『善き国王の冠』
2話目です!
だいぶ終わりが見えてきました!
王妃が国王をシメている間に、続々と王宮から馬車がやってきた。
宰相と学園長は、自分の息子を馬車に乗せて帰って行った。
2人とも「後程、必ず話をつけます」と厳しい顔で言っていたので、もしかしたら今回の事件は、本当に息子たちが盛り上がっていただけなのかもしれない。
ロイクは余りにも重症だったため、救護班によって病院に運ばれた。雷魔法による痺れが取れないエリシア嬢も、一緒の馬車に乗って行った。
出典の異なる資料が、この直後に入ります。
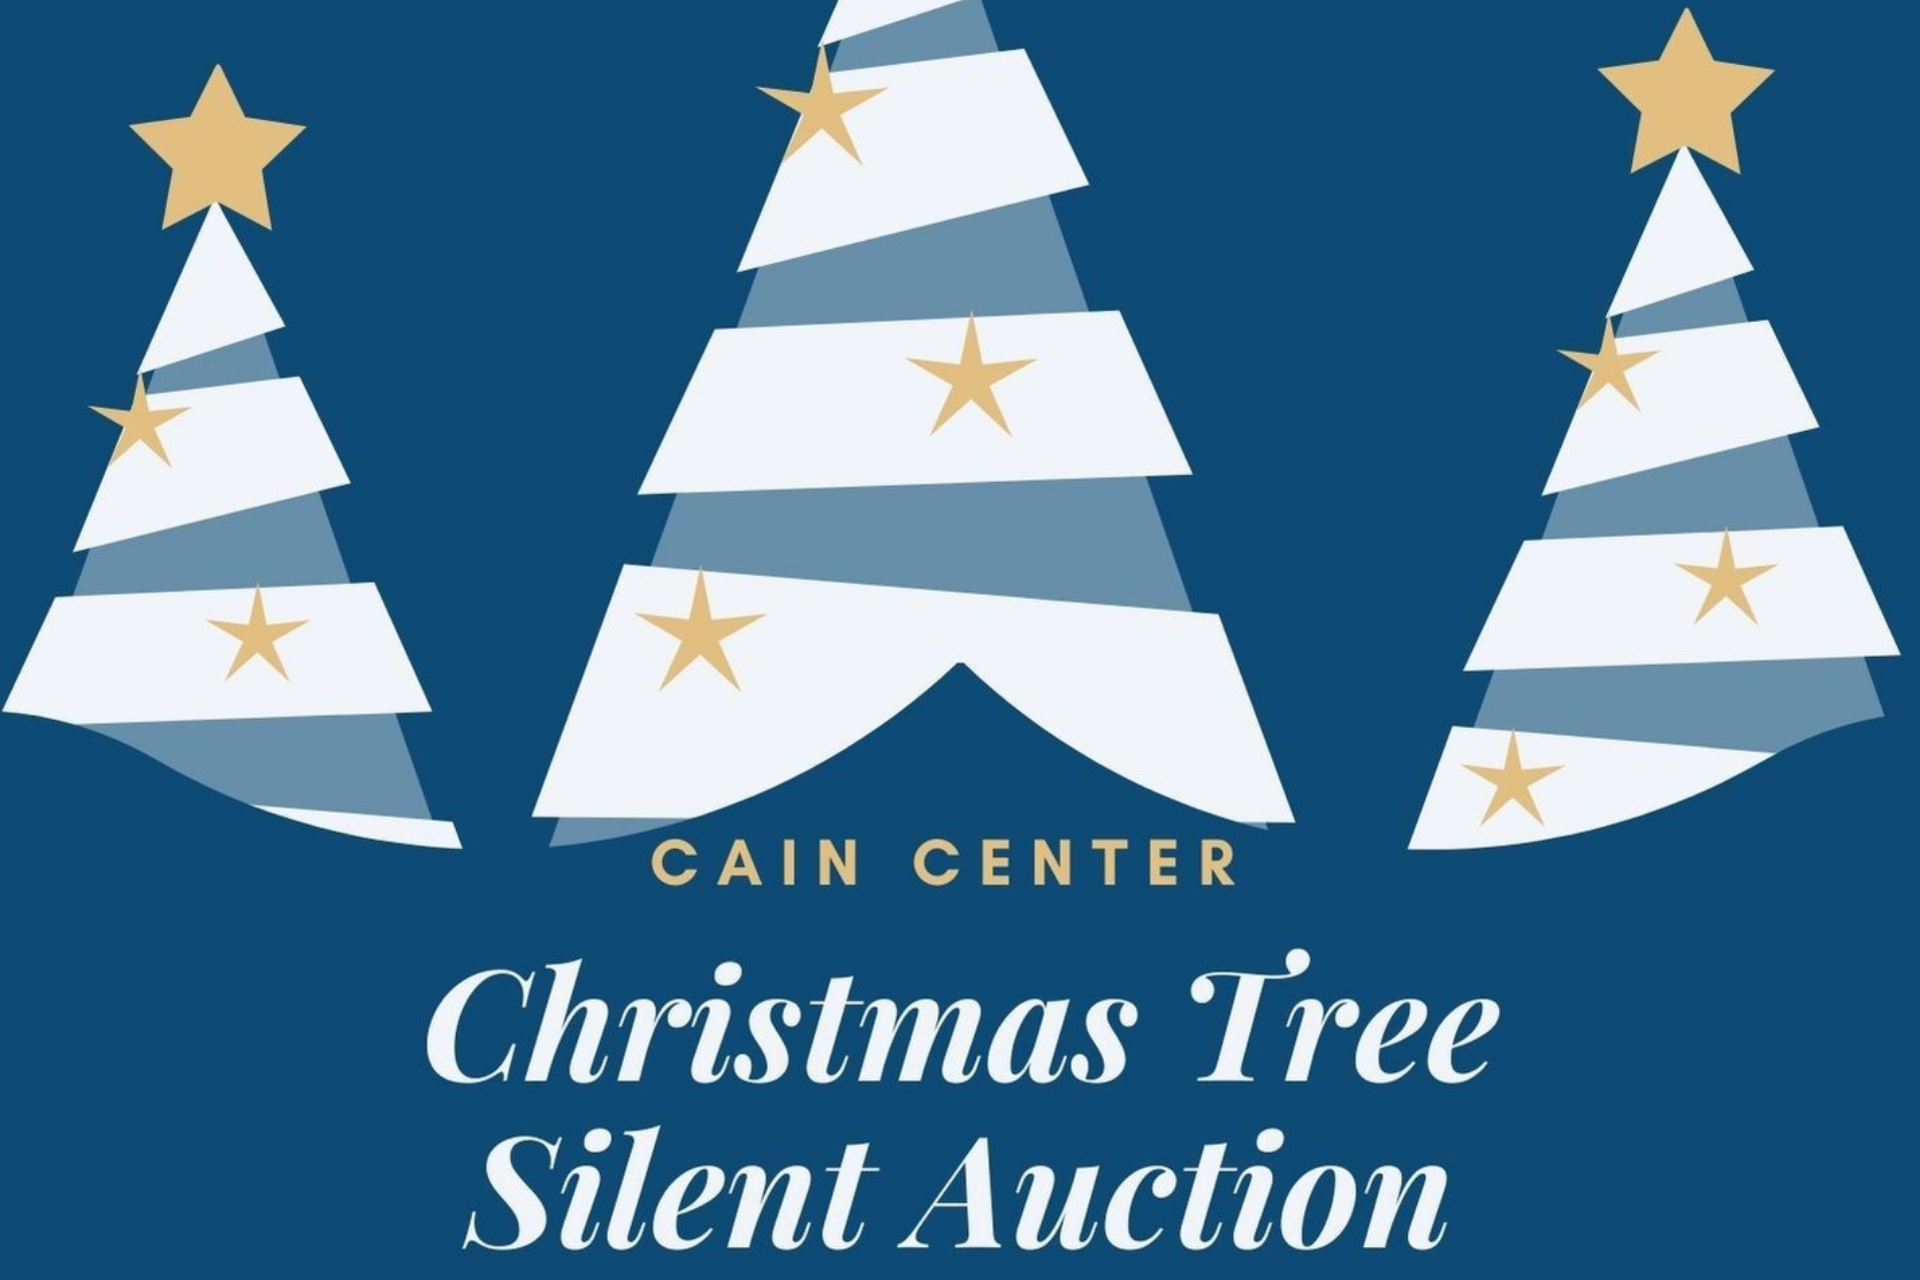 Cain Center Christmas Tree Silent Auction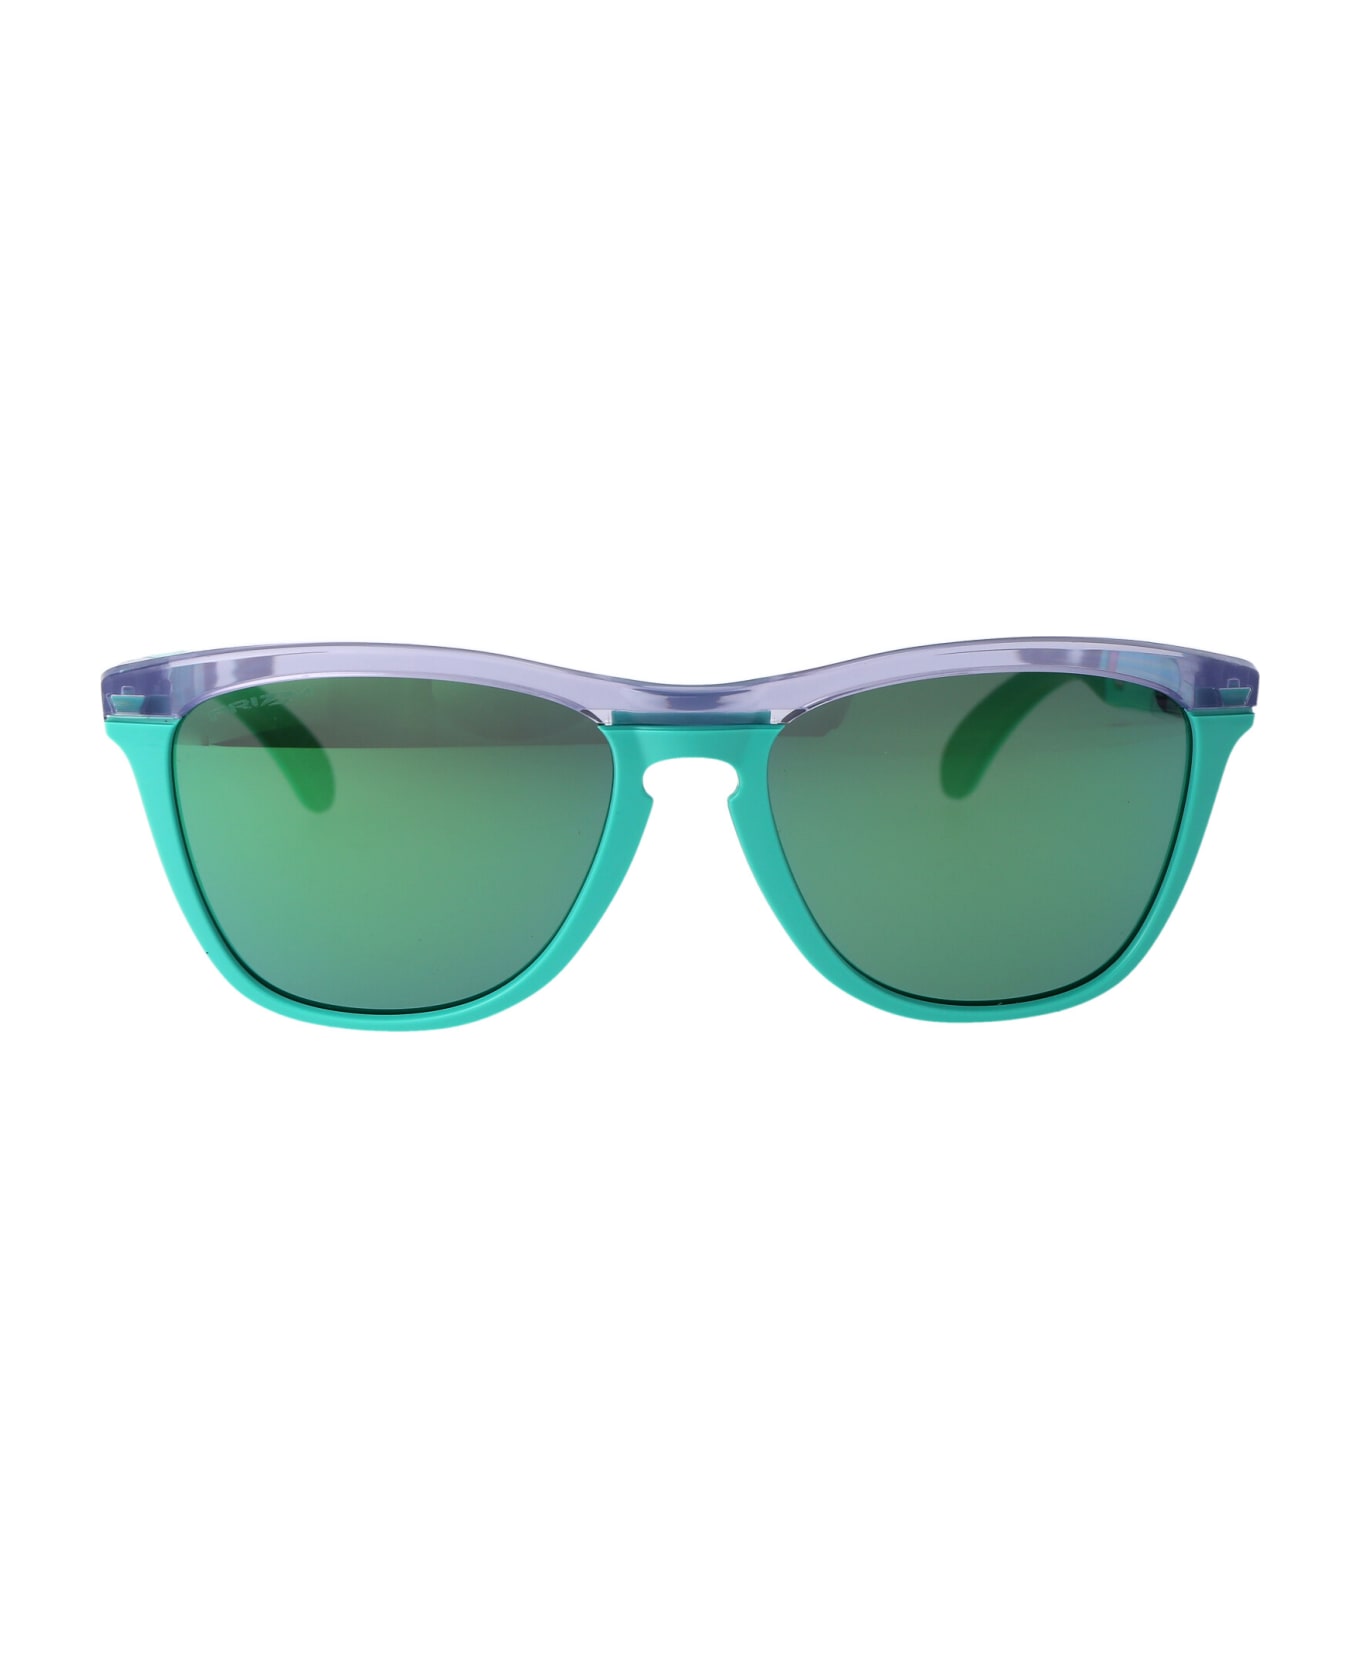 Oakley Frogskins Range Sunglasses - Turquoise

元王太子カディスは、外傷はないものの、意識が戻らない。王妃の指示で神殿に運ばれることになった。国王も王妃も、それを痛々しい目で見送った。
メリッサ嬢は家族が迎えに来た。
エリシア嬢が持ち出した所持品と共に、王都のタウンハウスに帰るそうだ。別れ際、セシリーと軽くハグして馬車に乗った。
騎士団長は、やって来るなり国王に深く陳謝した。
そんな団長に、王妃が「ウチの宿六が全ての元凶!」と断言し、プンプン怒りながら先に馬車で帰ってしまった。えっワシは?と声をかける国王には一顧だにしなかった。
残された国王は、ぎっくり腰がひどいとの事で、スプリングの利いた振動の少ない馬車を用意するまで、簡単な天幕を張ってしょんぼり待機。
迎えの馬車が遅れているセシリーとふたり、天幕の中で座り込んだ。
「……前に、ウチの王家の先祖が、隣国の王族を騙し討ちしたという話をしたじゃろ。その後、国王が連続で死んで、上王ブレンダンが何とかしたって奴」
「はい、覚えております」
頭に包帯、腰に固定ベルトを巻かれた元国王は、力なく話した。全体的に砂埃で白っぽくなっている。
セシリーも似たような状態で、ブランケットを肩から被っていた。
工兵たちが瓦礫撤去の作業をしている喧騒の中、国王は話を続けた。
「アレな、上王ブレンダンは光魔法の使い手でな。ハヴィス家の聖者が神の天啓を受けて奇跡を為す技なら、光魔法は、この世の森羅万象に干渉して何とかする、力業みたいなもんなんじゃ。そんで、上王ブレンダンは、光魔法を使って、『呪い本体』に直接交渉を持ちかけたのじゃ」
上王はまず、速やかに謝った。
卑怯な騙し討ちをして王族を害したこと、反抗的な国民を多数虐殺したこと、見せしめとしてその骸を野晒しにしたこと。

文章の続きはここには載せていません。